Disagree. It depends on the training. The Fairbairn-Sykes method taught to the OSS and the SOE is devastating. In a few weeks training, small people have learned to kill with their bare hands. They can do things traditional martial artists can't do after decades of training. Miller's "Meditations on Violence" explains why this is in detail.
No offense, but you are starting to sound more and more like a comic book boy.
 
So every heavy weight boxer other than the heavy weight champion of the world is a "failure," and boxing itself is a "failure"?
This is a big myth martial artists have. You are talking about sport contest fighting. That is a whole different deal. Those guys have to train for years and are superb athletes. They can go 12 rounds with other superb athletes. They are all amazing.

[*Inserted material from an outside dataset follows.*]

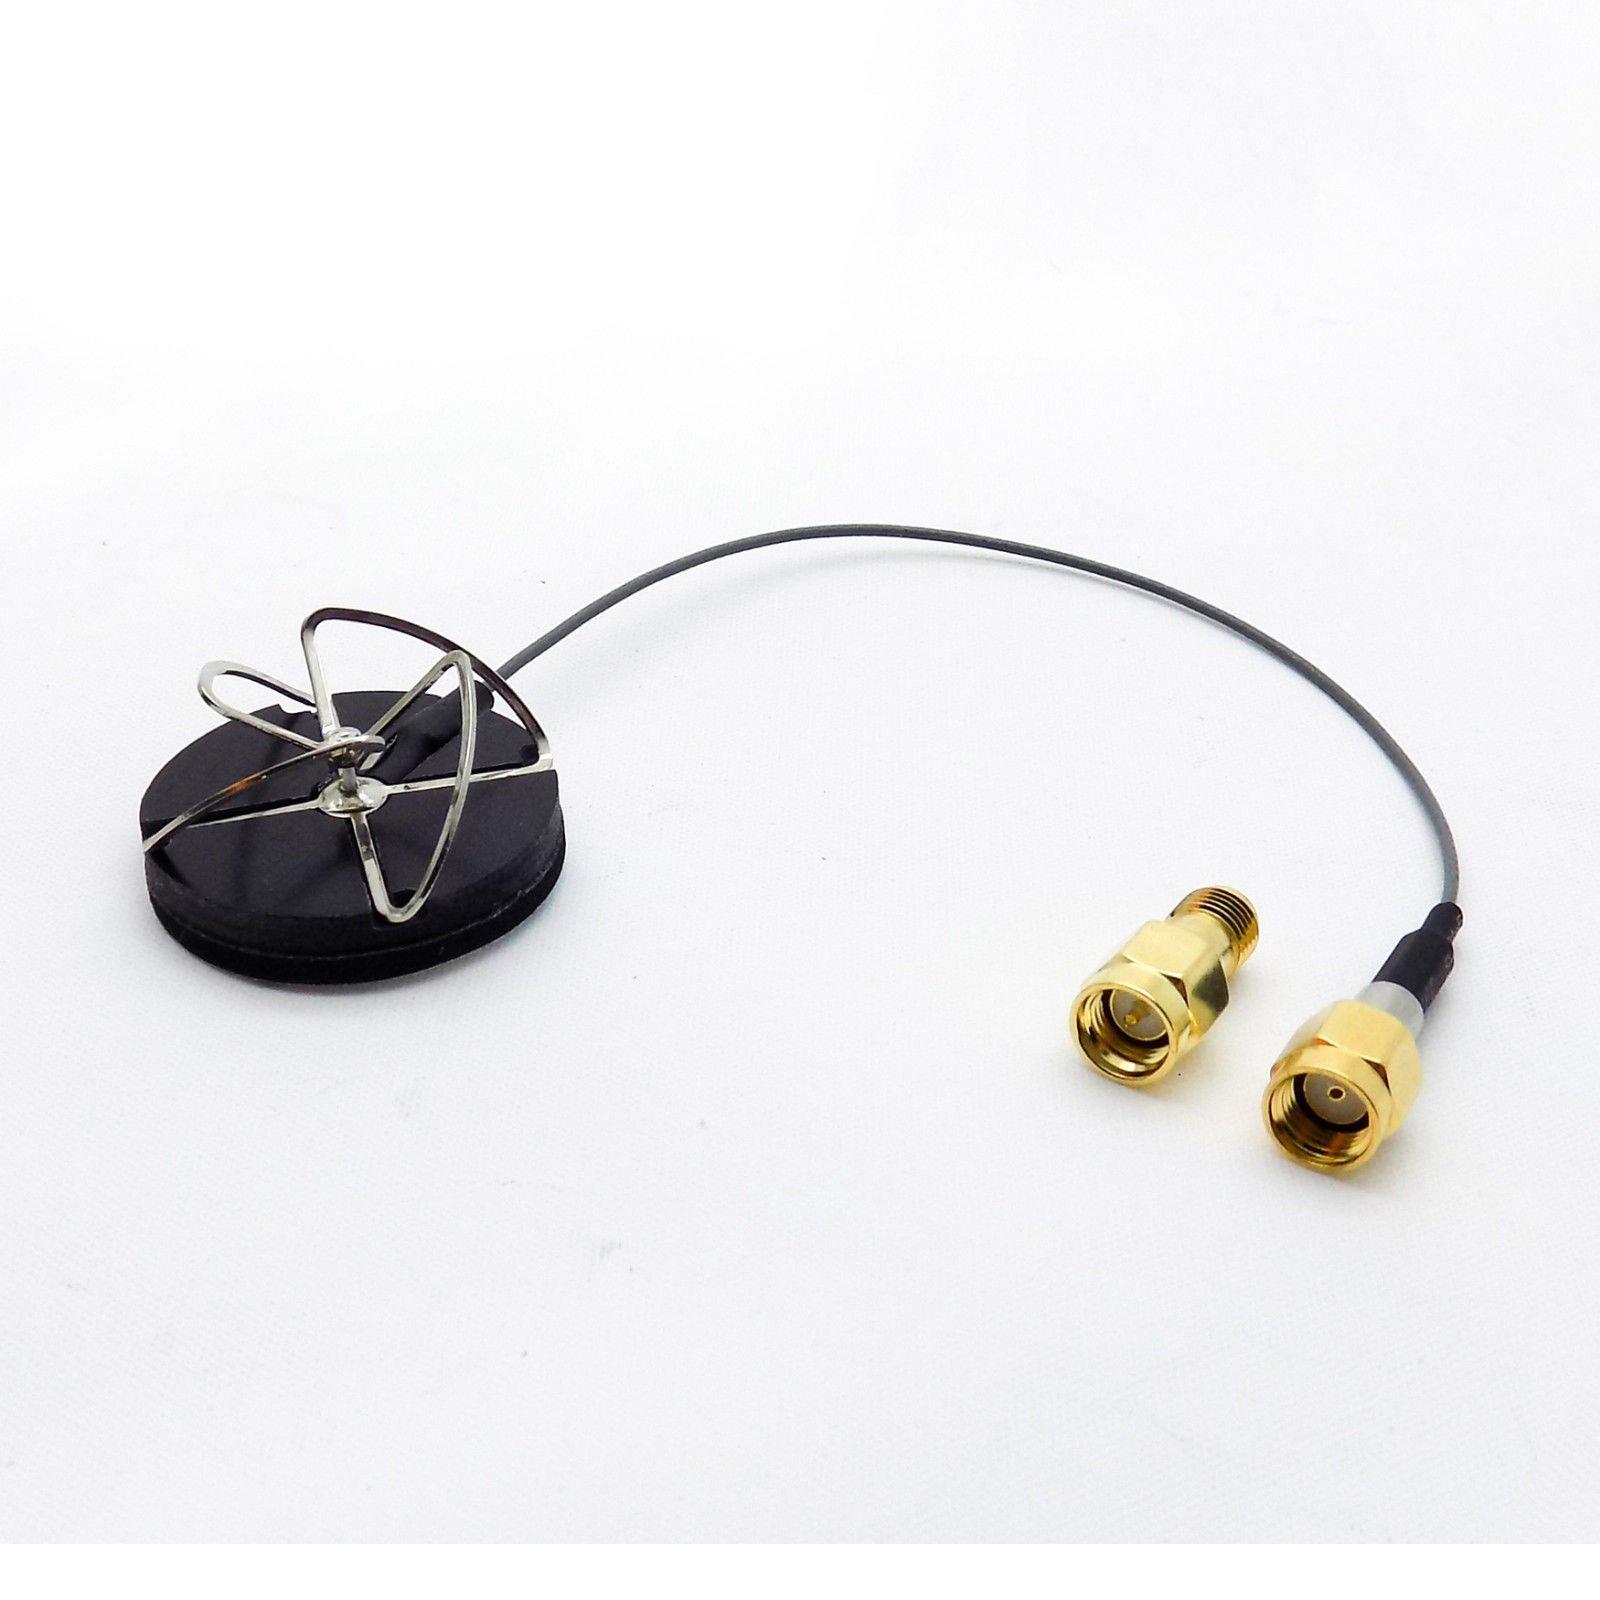 5.8 GHz Circular Polarized Antenna Set TX RX Right Angle SMA Male For DJI Flame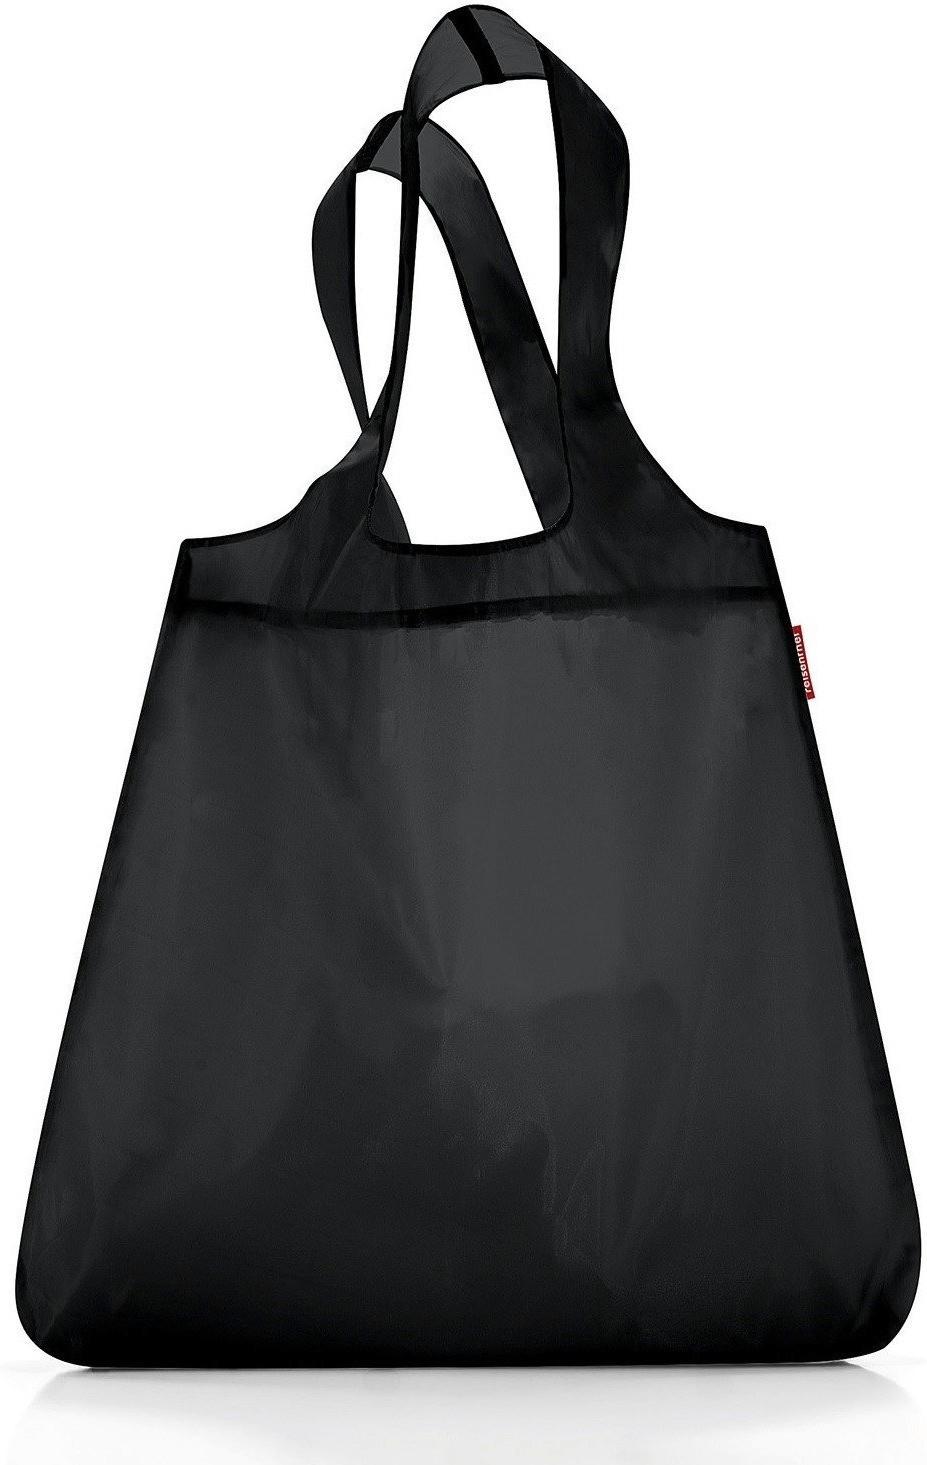 Reisenthel Mini Maxi Shopper black

I am talking about street defense. Fights only last seconds. Outcomes can mean life or death. There is one winner and one loser. The loser has failed. How do you see it any other way?
 
But in certain arts you'll realize that by sparring with your peers. If you're capable of slipping, dodging, and knocking out a trained fighter/boxer, you should have an advantage against some untrained clown trying to punch you in the face.
With all due respect, I would present a counter point to that. Those references I cited, of people who train people who have to deal with violence professionally, all seem to agree your greatest threat is a vicious criminal who has never spent any time training in martial arts. Their dojo has been the street. Their only "promotion" is surviving. They have not studied fighting, They have studied killing and maiming. They will not fight you. They will just hurt you.
 
One would hope, and most of the time so, but no guarantees.

If your goal is to be a superhuman that is incapable of being hurt or killed, you're living in a fantasy world. In the real world, a martial art can only give you an edge if you've applied it to a variety of opponents in an atmosphere of full pressure and contact.